- Opening Delimiter -

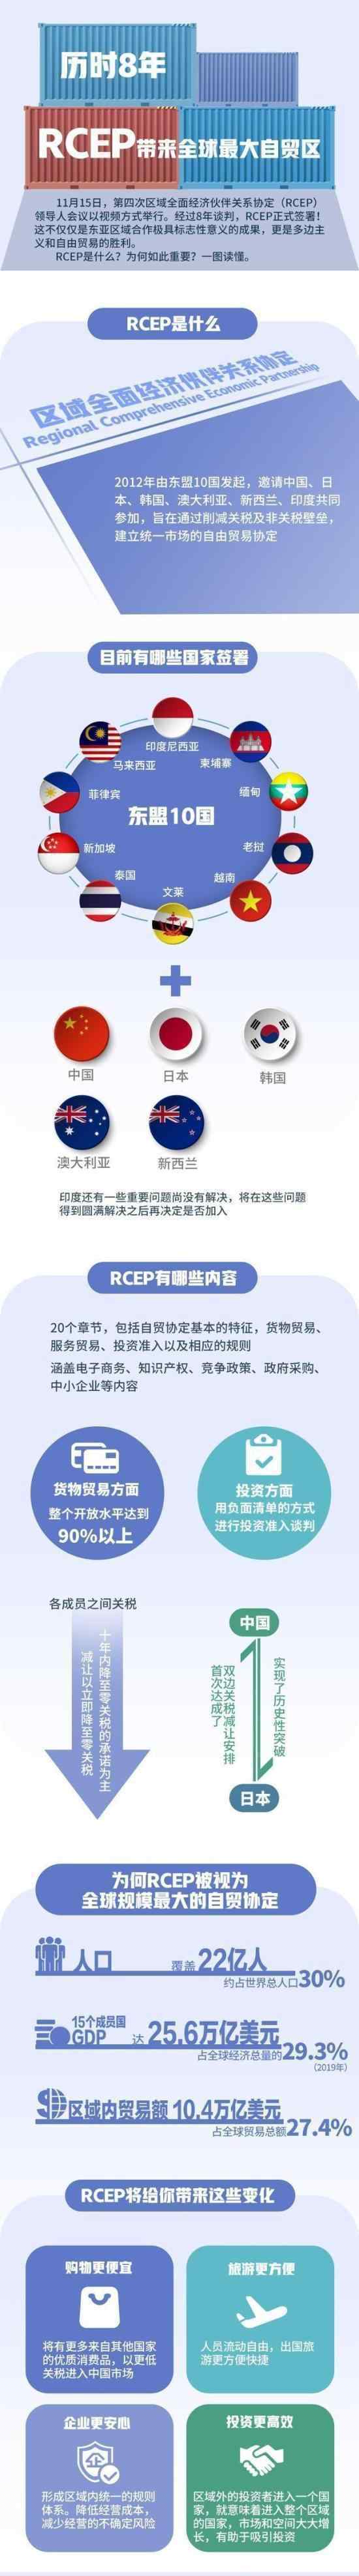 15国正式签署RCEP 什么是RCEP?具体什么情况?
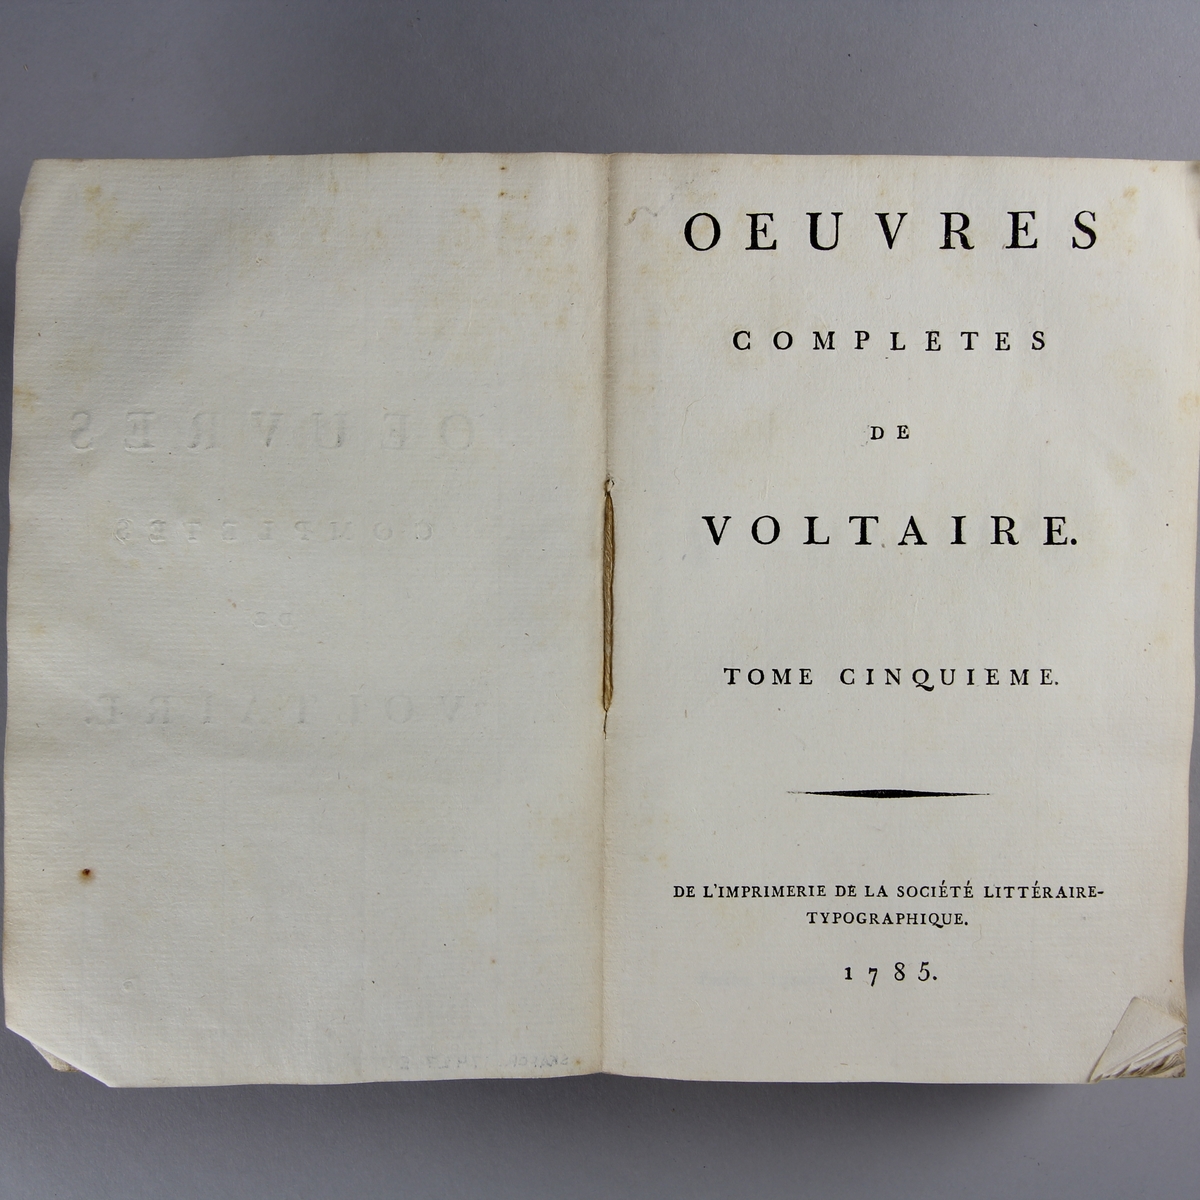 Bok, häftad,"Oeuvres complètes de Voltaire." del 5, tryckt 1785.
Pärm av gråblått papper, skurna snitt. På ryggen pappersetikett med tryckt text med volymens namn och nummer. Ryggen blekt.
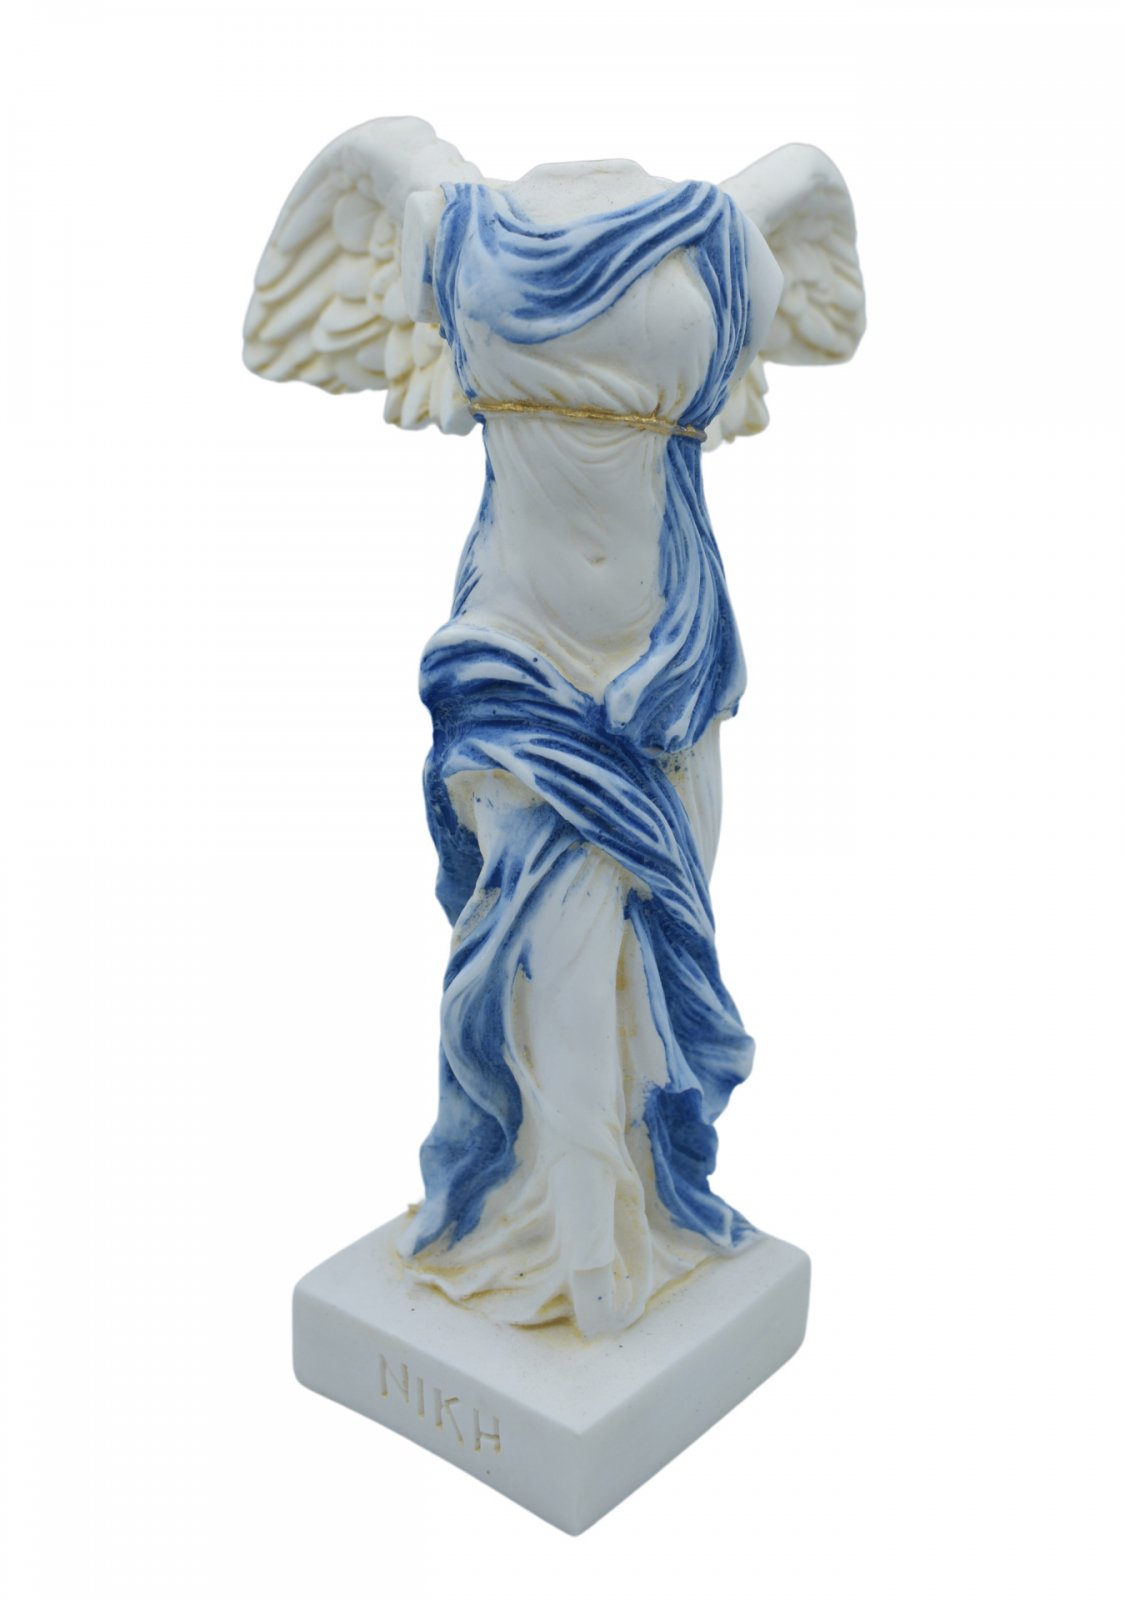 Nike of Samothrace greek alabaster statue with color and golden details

- Closing Delimiter -

ASSIGNMENT.
Omitting the images, copy the listing exactly.

SOLUTION TO THE PROBLEM.
 15国正式签署RCEP 什么是RCEP?具体什么情况?
 Bok, häftad,"Oeuvres complètes de Voltaire." del 5, tryckt 1785.
Pärm av gråblått papper, skurna snitt. På ryggen pappersetikett med tryckt text med volymens namn och nummer. Ryggen blekt.
 Nike of Samothrace greek alabaster statue with color and golden details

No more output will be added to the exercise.